Kora była wybitną artystką, miała silny charakter, stanowcze poglądy i charyzmę, której zazdrościły jej inne wokalistki. Nic dziwnego, że pamięć o niej postanowiono uczcić filmem o jej życiu i twórczości.
O tym filmie mówiło się jeszcze za życia Kory, ale nic z tego nie wyszło. Dziś nad produkcją czuwa sam mąż artystki, który w końcu potwierdził, że film powstaje. A nawet dwa!
– Pracujemy nad filmem fabularnym i filmem dokumentalnym – zdradził Sipowicz w „Vivie!”.
Nie wiadomo jeszcze, czy film będzie pokazywał całe życie Kory od dziecka do dorosłości, czy wybrany moment jej życia. Sipowiczowi zależy jednak, by pokazać artystkę u szczytu jej popularności, niekoniecznie ostatnie lata jej życia, które były dla niej bardzo trudne.
Producenci rozważają, która aktorka powinna zagrać Korę.
– Padają różne propozycje, ale nie będę wymieniał konkretnych nazwisk. Trudno mi sobie wyobrazić, żeby ktokolwiek mógł zagrać Korę. Musi to być bardzo dobra aktorka, jakaś szamanka – mówi Sipowicz.
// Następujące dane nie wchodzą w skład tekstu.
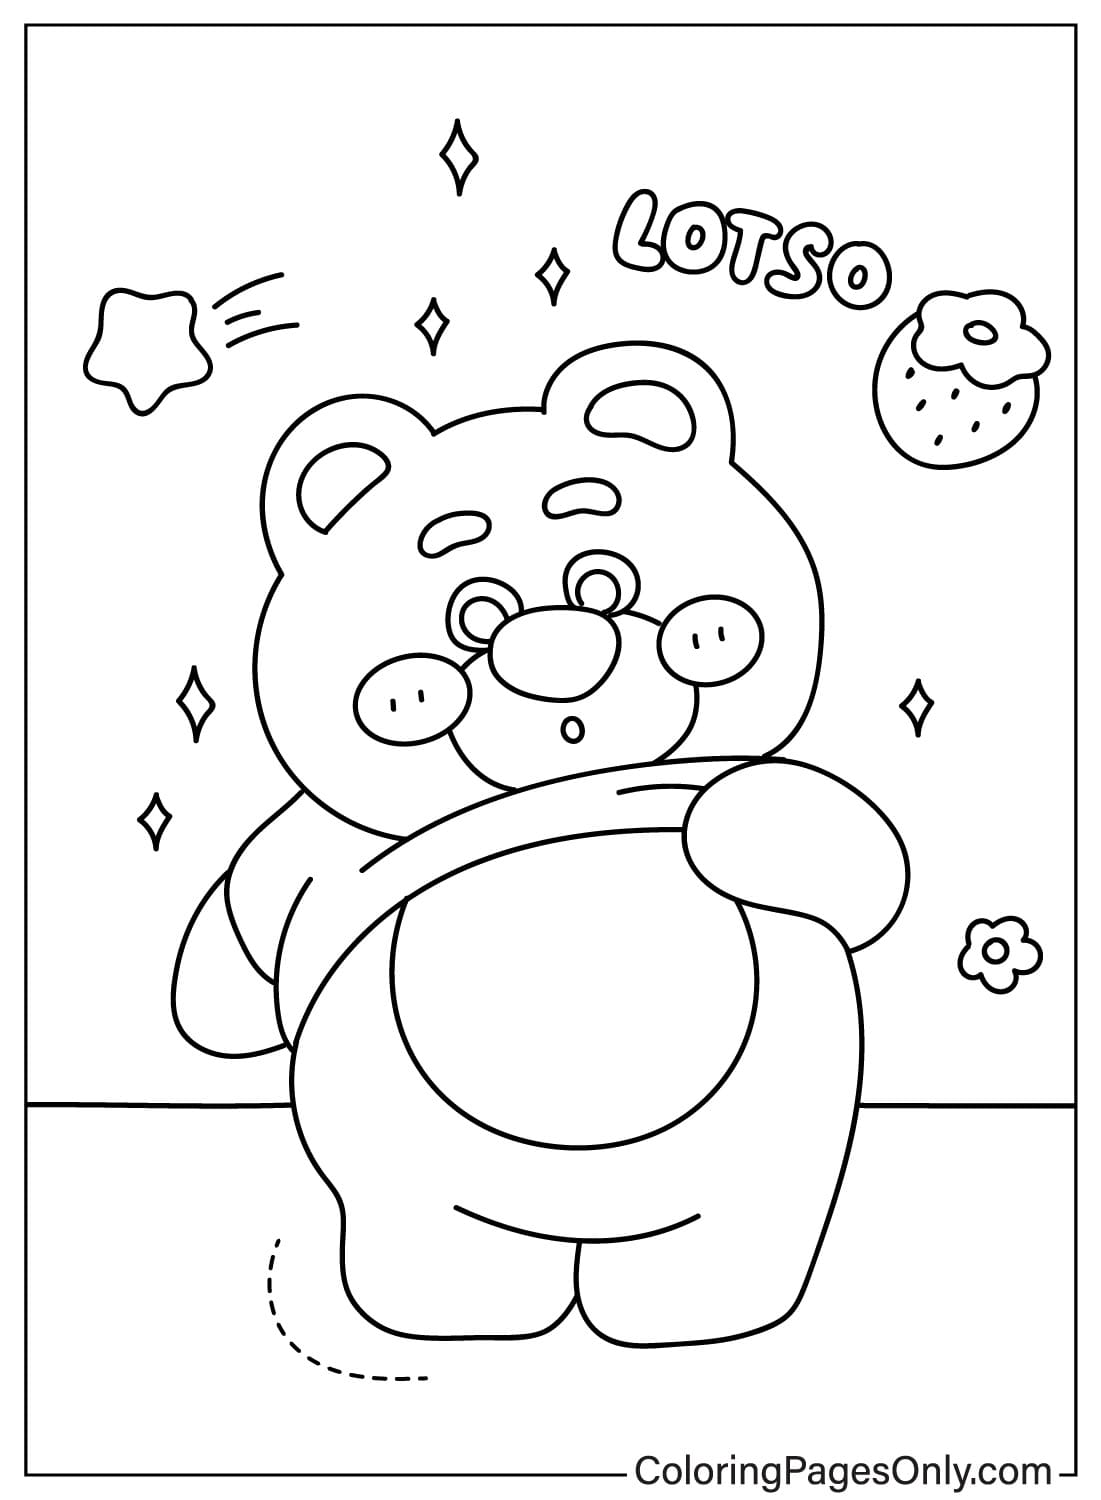 Afbeeldingen Lotso beer kleurplaat van Lotso Bear
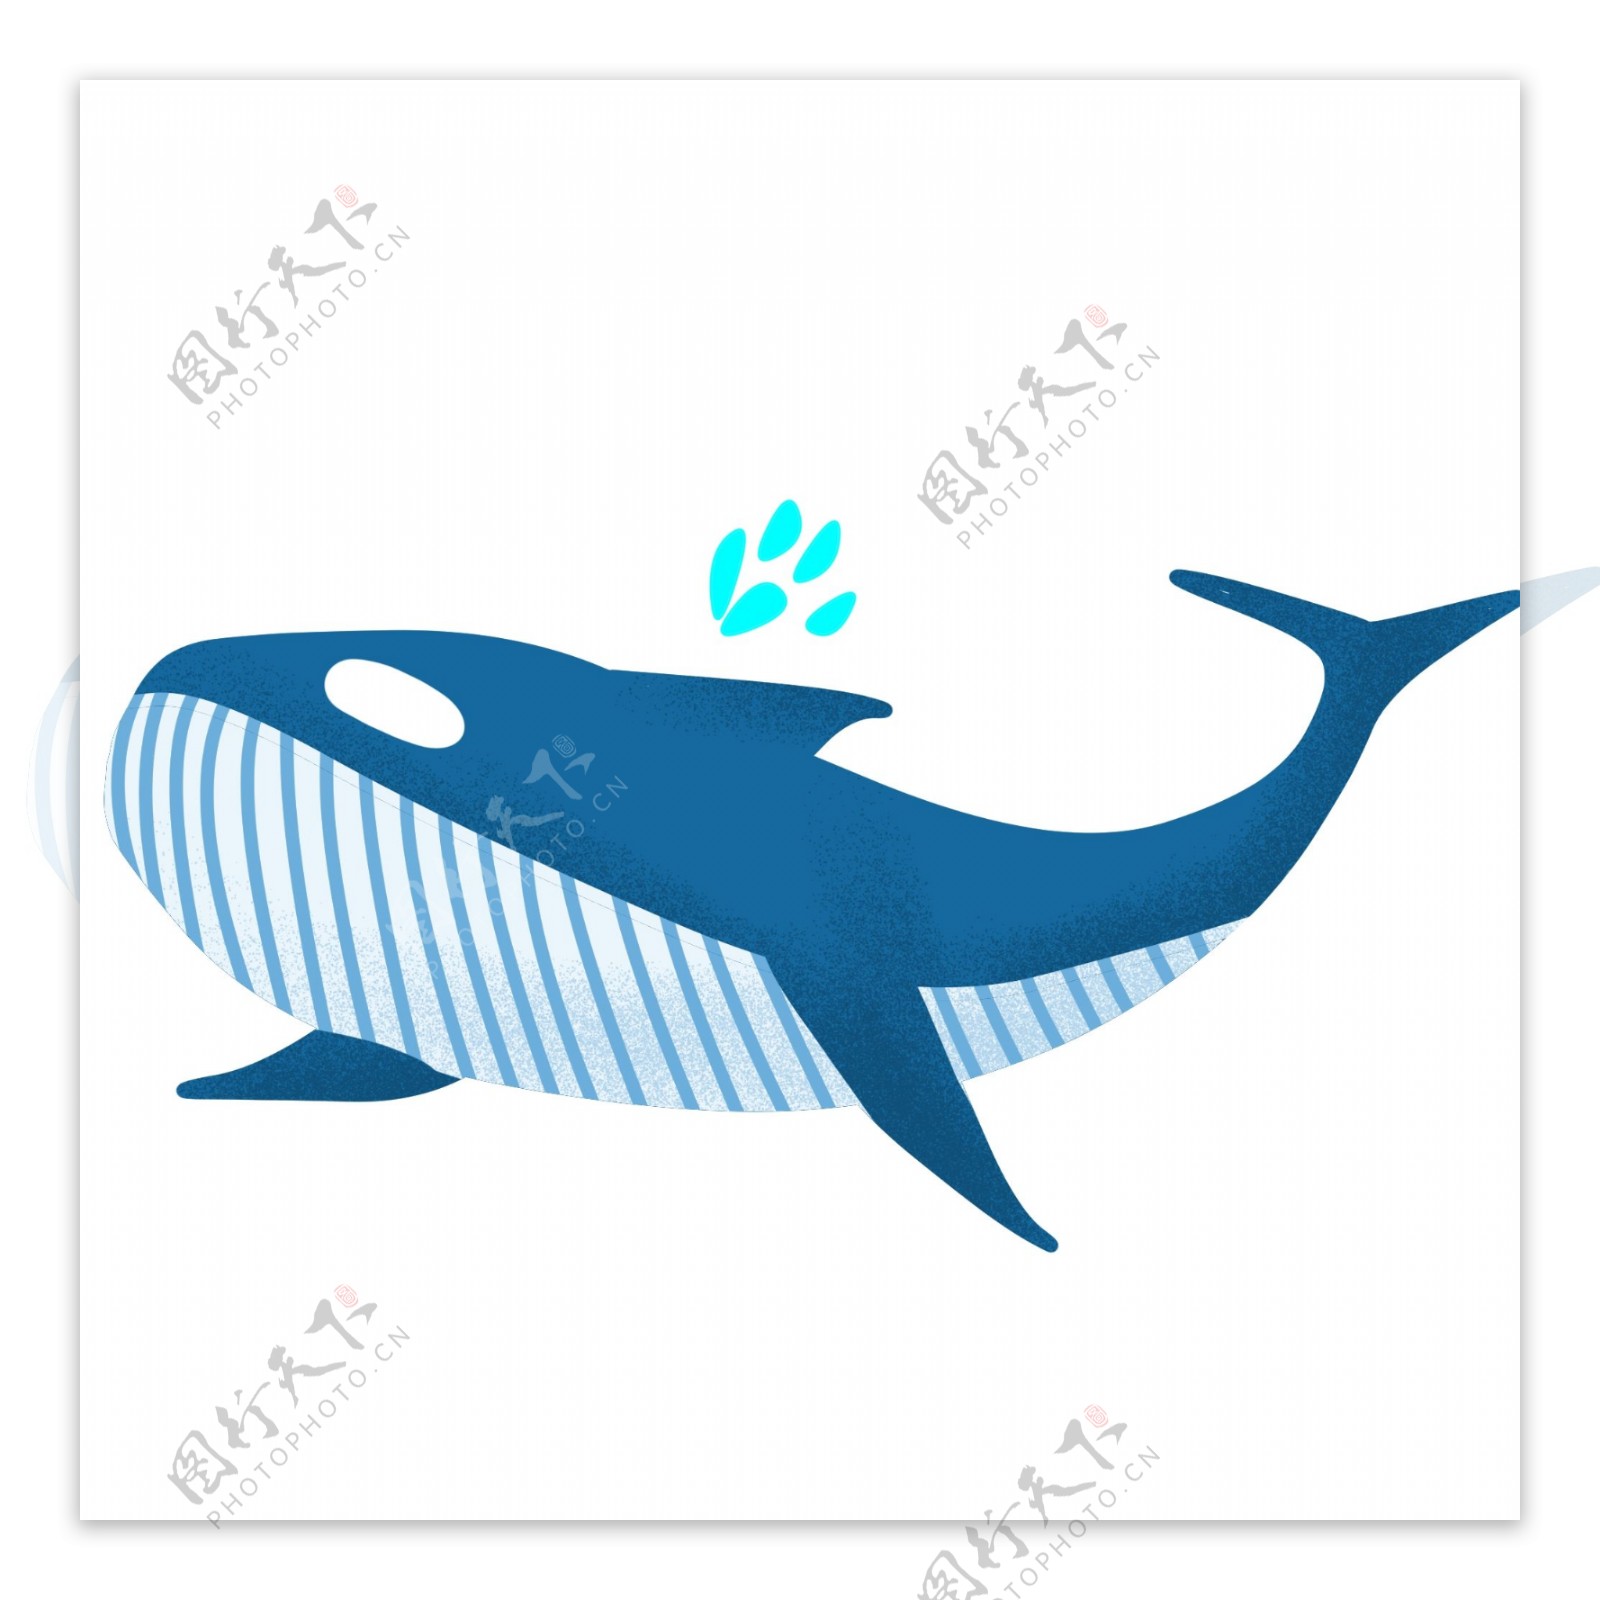 蓝色的鲸鱼手绘插画

Jak dowiedział się „Super Express”, pod uwagę są brane dwie gwiazdy polskiego kina – Olga Bołądź, która jest wizualnie podobna do Kory i była jej wielką fanką, oraz Magda Cielecka, która odpowiada producentom charakterem i swoją zadziornością. Możliwe jednak, że ostatecznie Sipowicz postawi na zupełnie nieznaną jeszcze twarz.